Magnetic induction flux F piercing a wire frame with an area S, proportional to the cosine of the angle α between the normal to the frame and the magnetic induction vector:

Ф = BS cos α.

With uniform rotation of the frame, the angle α increases in proportion to time t: α = 2πnt, Where n- rotation frequency. Therefore, the flux of magnetic induction changes harmoniously with the cyclic frequency of oscillations ω = 2πn:

Ф = BS cos ωt.

According to the law of electromagnetic induction, the induced emf in the frame is equal to:

e = -Ф" = -BS (cos ωt)" = ɛ m sin ωt,

Where ɛm= BSω is the amplitude of the induced emf.

Thus, the voltage in the AC network changes according to a sinusoidal (or cosine) law:

u = U m sin ωt(or u = U m cos ωt),

Where u— instantaneous voltage value, U m— voltage amplitude.

The current in the circuit will change at the same frequency as the voltage, but there may be a phase shift between them φ s. Therefore, in the general case, the instantaneous current value i determined by the formula:

i = I m sin(φt + φWith) ,

Where I m- current amplitude.

Current strength in an AC circuit with a resistor.

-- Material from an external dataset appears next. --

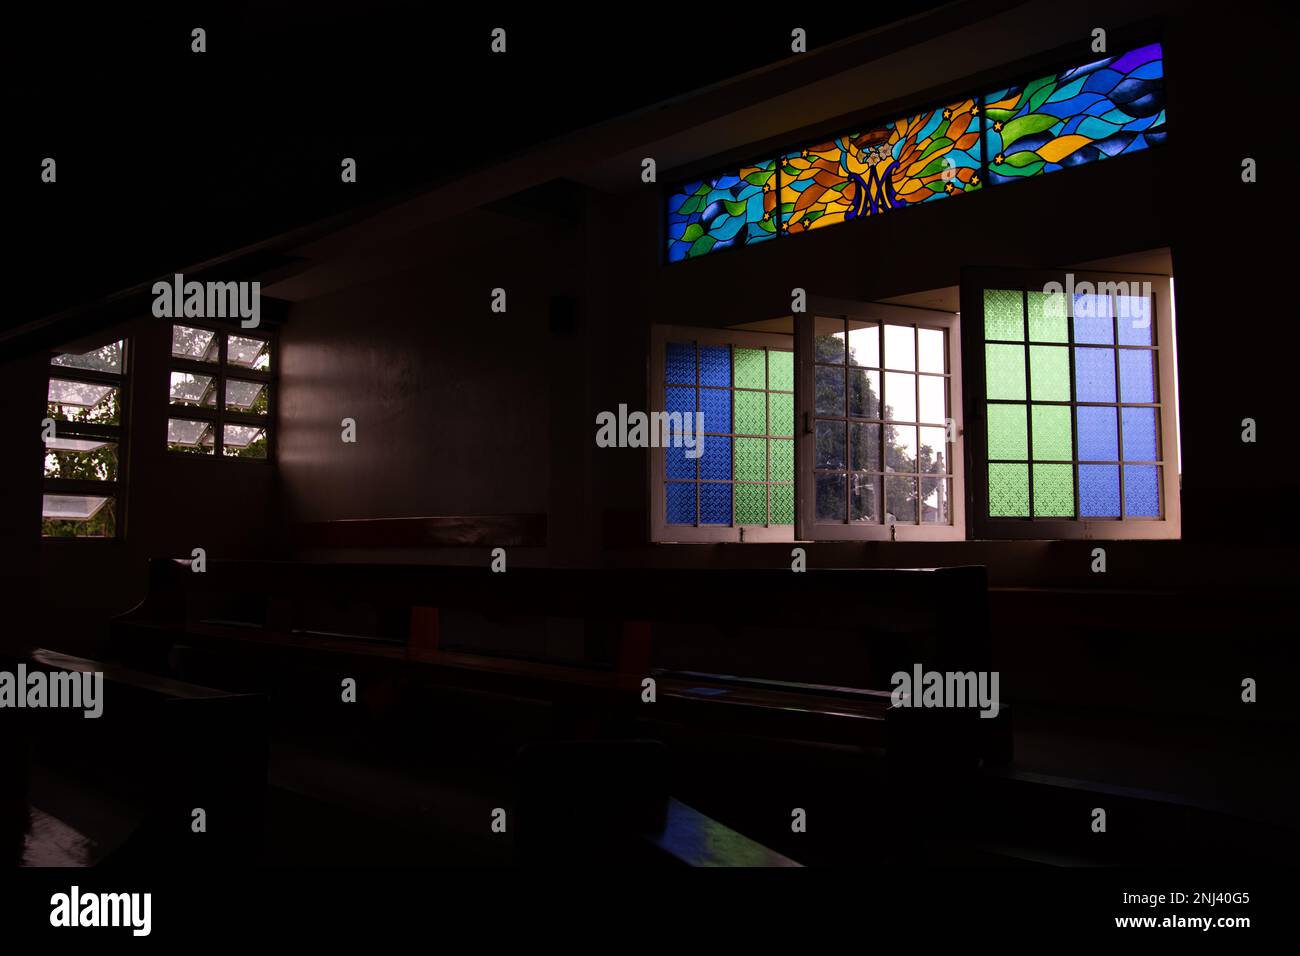 Vitraux de l'église et fenêtres colorées Banque D'Images

If the electrical circuit consists of active resistance R and wires with negligible inductance

If an external EMF variable is included in the circuit circuit (Fig. 1), then the field strength in the coil conductor and the wires connecting the circuit elements to each other will periodically change, which means that the speed of the ordered movement of free charges in them will also periodically change, as a result the current strength in the circuit will periodically change, which will cause periodic changes in the potential difference between the plates of the capacitor and the charge on the capacitor, i.e. forced electrical oscillations will occur in the circuit.

Forced electrical oscillations- these are periodic changes in the current strength in the circuit and other electrical quantities under the influence of an alternating EMF from an external source.

The most widely used in modern technology and in everyday life is sinusoidal alternating current with a frequency of 50 Hz.

Alternating current is a current that changes periodically over time. It represents forced electrical oscillations occurring in an electrical circuit under the influence of periodically changing external emf. Period alternating current is the period of time during which the current makes one complete oscillation. Frequency AC current is the number of oscillations of alternating current per second.

In order for a sinusoidal current to exist in a circuit, the source in that circuit must create an alternating electric field that varies sinusoidally. In practice, sinusoidal EMF is created by alternating current generators operating in power plants.

Literature

Aksenovich L. A. Physics in secondary school: Theory. Tasks. Tests: Textbook. benefits for institutions providing general education. environment, education / L. A. Aksenovich, N. N. Rakina, K. S. Farino; Ed. K. S. Farino. - Mn.: Adukatsiya i vyhavanne, 2004. - P. 396.

Mechanical vibrations.

3. Transformers.

Waves.

4. Wave diffraction.

9. Doppler effect in acoustics.

1.Magnetic phenomena

Magnetic field induction of a straight conductor carrying current.

Faraday's law

Faraday's law of electromagnetic induction is written as the following formula:

– is an electromotive force that acts along any contour;

Фв is a magnetic flux passing through a surface stretched over a contour.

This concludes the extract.